Начал он весьма робкими, любительскими поисками нежно-солнечных прозрачностей. Потом пейзажи его постепенно уплотнялись, наливались цветом; перспектива углублялась, яснели очертания. Потом Крымов стал неузнаваем: от новой его манеры повеяло интимным реализмом «маленьких голландцев», но была в ней и графичность, порою резко выраженная. Художник метался. Потом чисто композиционные задачи увели его в сторону «большого пейзажа». Отвергнув окончательно импрессионистскую этюдность, он начал «сочинять» очень красивые, но холодноватые картины с вырисованными деревьями и удаляющимися планами, по классическим образцам. Впрочем, поворот к картинной конструктивности становился в ту пору общим стремлением… То, чего достиг Крымов на этом пути, никогда не казалось мне крупной победой.
VII
На рубежах кубизма
Случайно, у одного любителя русского искусства в Праге, попалась мне на глаза книжка «Аполлона», одна из первых — № 2 1909 года. Я раскрыл ее наудачу и прочел:
«Пусть художник будет дерзок, несложен, груб, примитивен. Будущая живопись зовет к лапидарному стилю, потому что новое искусство не выносит утонченного, оно пресытилось им. Будущая живопись сползет в низины грубости, от живописи теперешней, культурной, отнимающей свободную волю исканий, — в мало исследованные области лапидарности. Будущая живопись начнет с ненависти к старой, чтобы вырастить из себя другое поколение художников, в любви к открывшемуся новому пути, который нам полузнаком, страшен и органически враждебен.

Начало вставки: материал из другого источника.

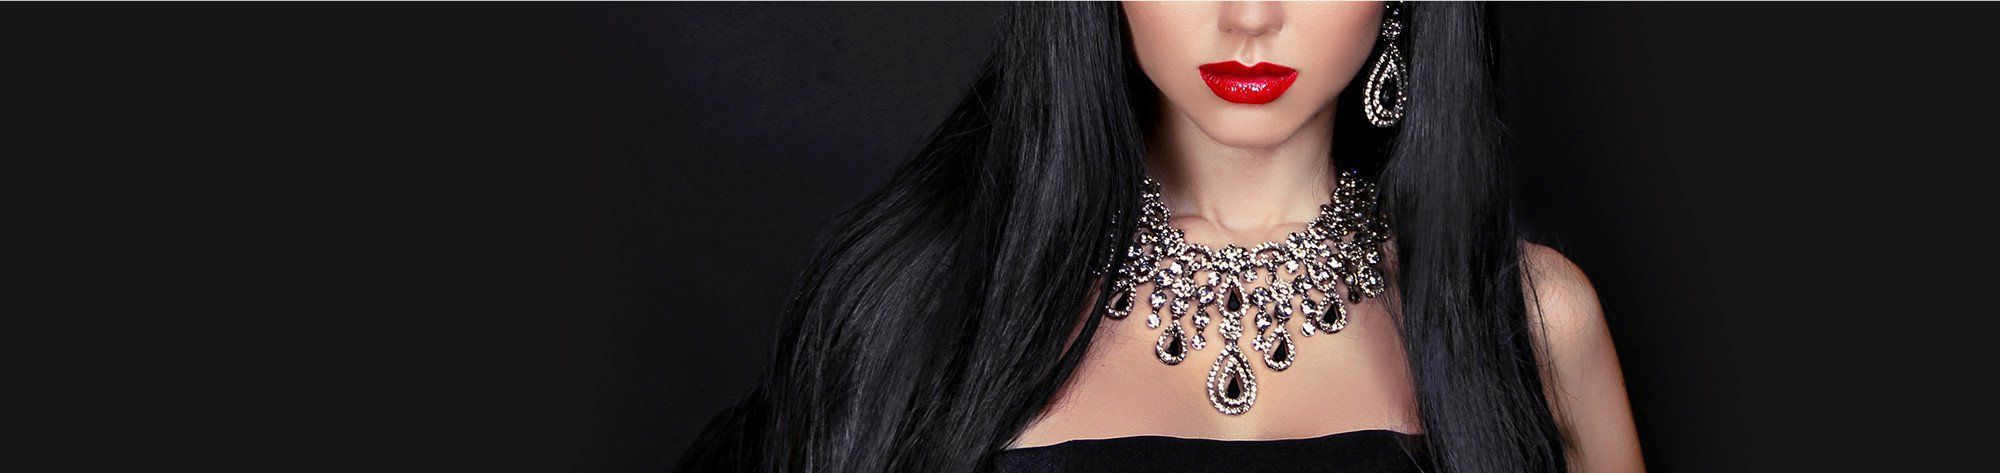 Buy Black Necklace in Houston

И предчувствующий глаз скользит по полированным формам Праксителева Гермеса, невольно останавливаясь на детском рисунке: он точно чует, что свет прольется через детский лепет…»

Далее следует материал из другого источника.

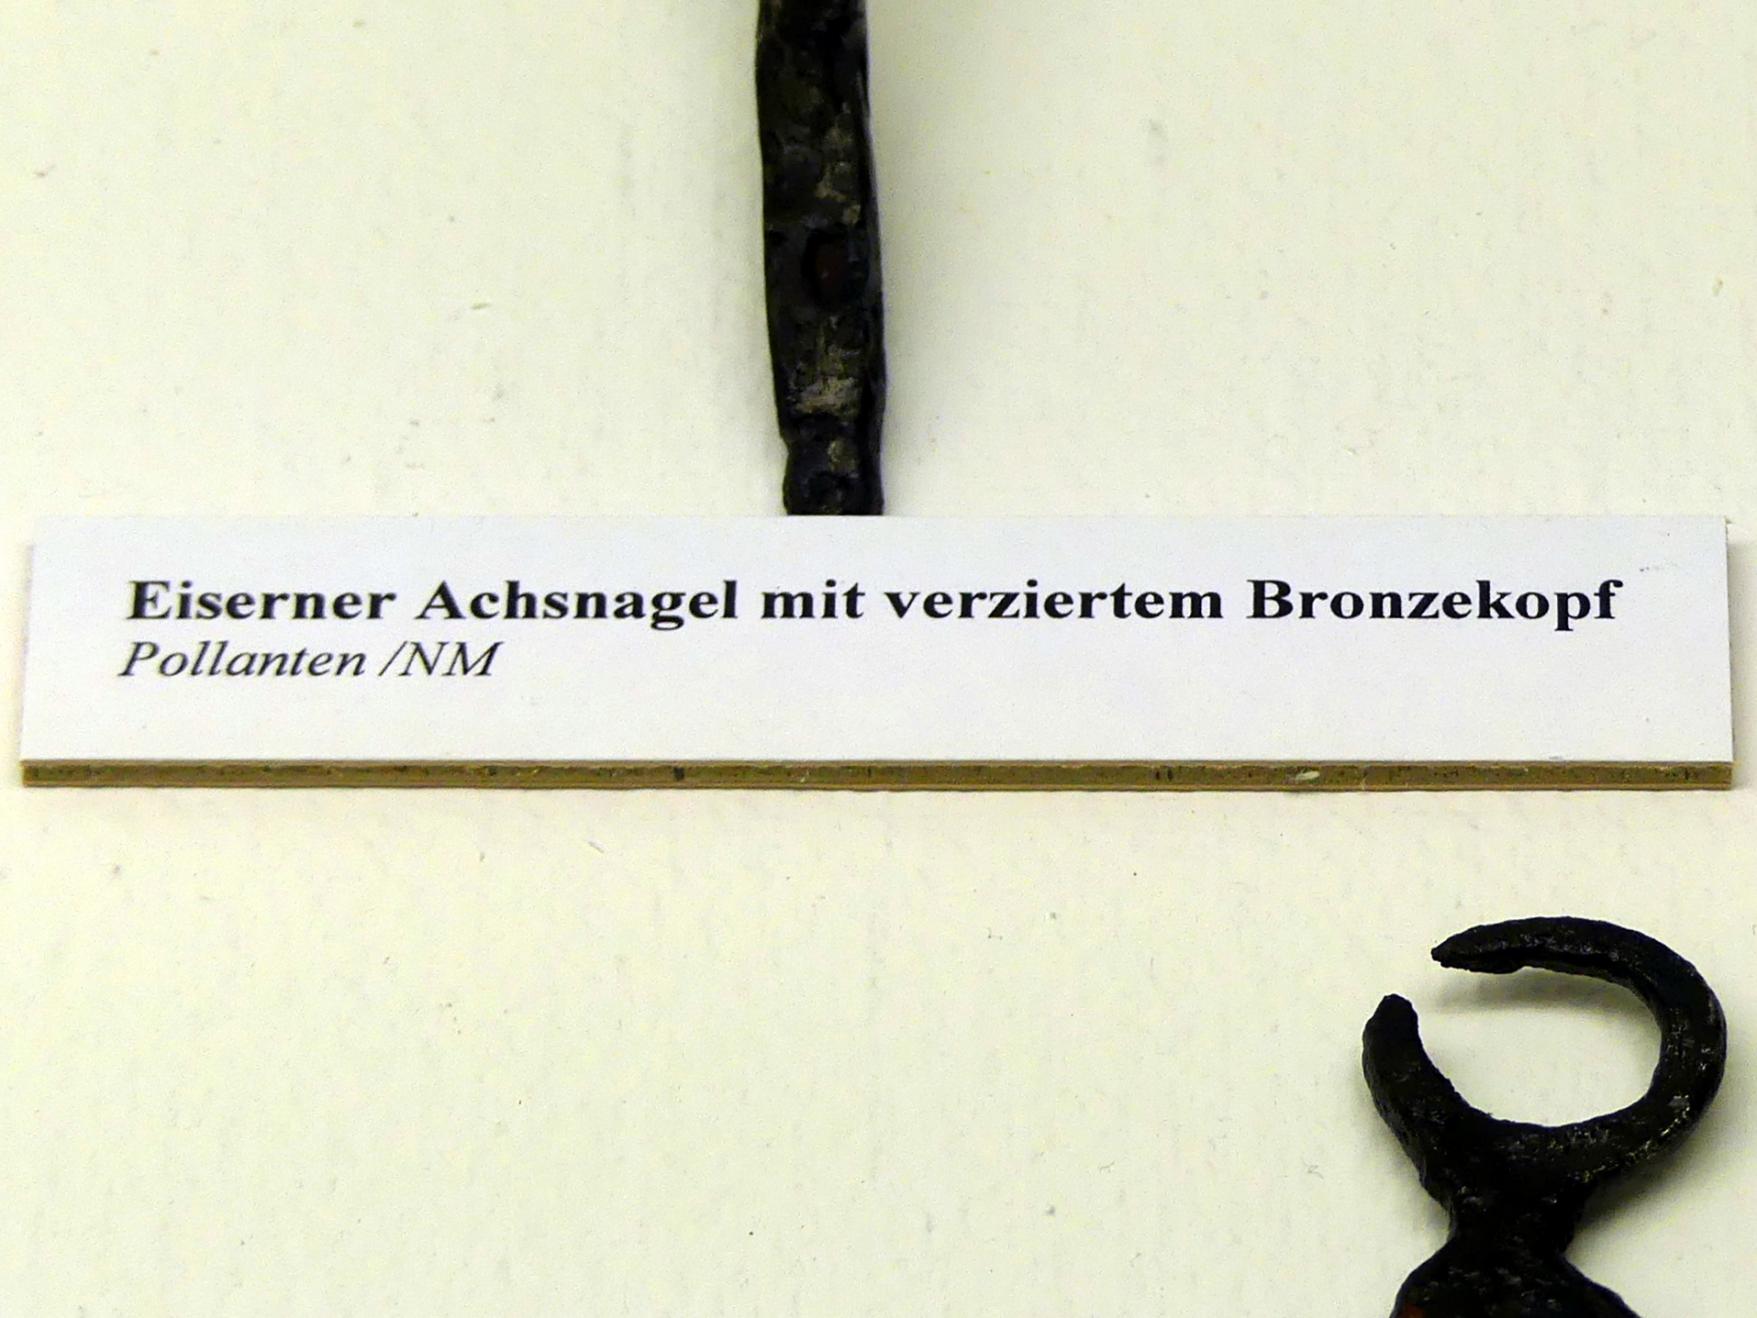 Eisener Achsnagel mit verziertem Bronzekopf, Spätlatènezeit D, 700 - 100 v. Chr., Bild 2/2

Эти слова принадлежат изысканнейшему из мирискусников — Баксту. Они были сказаны в то время, когда «Мир искусства» начинал уже свою вторую молодость, отколовшись от московской группы «Союз русских художников». Признание знаменательное, пророчество поистине непристрастное к себе и к «своим». Мы знаем теперь, что оно сбылось полностью. То, что Бакст назвал «будущей живописью», стало спустя несколько лет живописью сегодняшнего дня. Она только оформлялась в то время, родившись на посмертной выставке Сезанна. Карьере ее в России мало кто верил. Московские выставки «Голубой розы» и «Золотого руна», противополагавшие стилизму Петербурга и пейзажному неореализму «Союза» свою какую-то утонченную бесформенную символику, все еще представлялись «на гребне волны». Однако быстро надвинулась другая волна, мутная, буйная, разрушительная, пробивая себе путь, действительно «органически враждебный» исповеданию «Мира искусства», хоть руководители его и доказывали упорно, что ничуть не бывало, что талантливая «лапидарность» так же приемлема для них, как и всякое новшество. Будучи школой вкуса, а не определенной доктриной, мирискусники и не могли отрицать в принципе никаких художественных исканий, но благожелательство их сводилось на деле к осторожному компромиссу, который меньше всего удовлетворял «молодых».
82
…«Quand les lilas refleuriront» (фр.) — «Когда вновь зацветут лилии».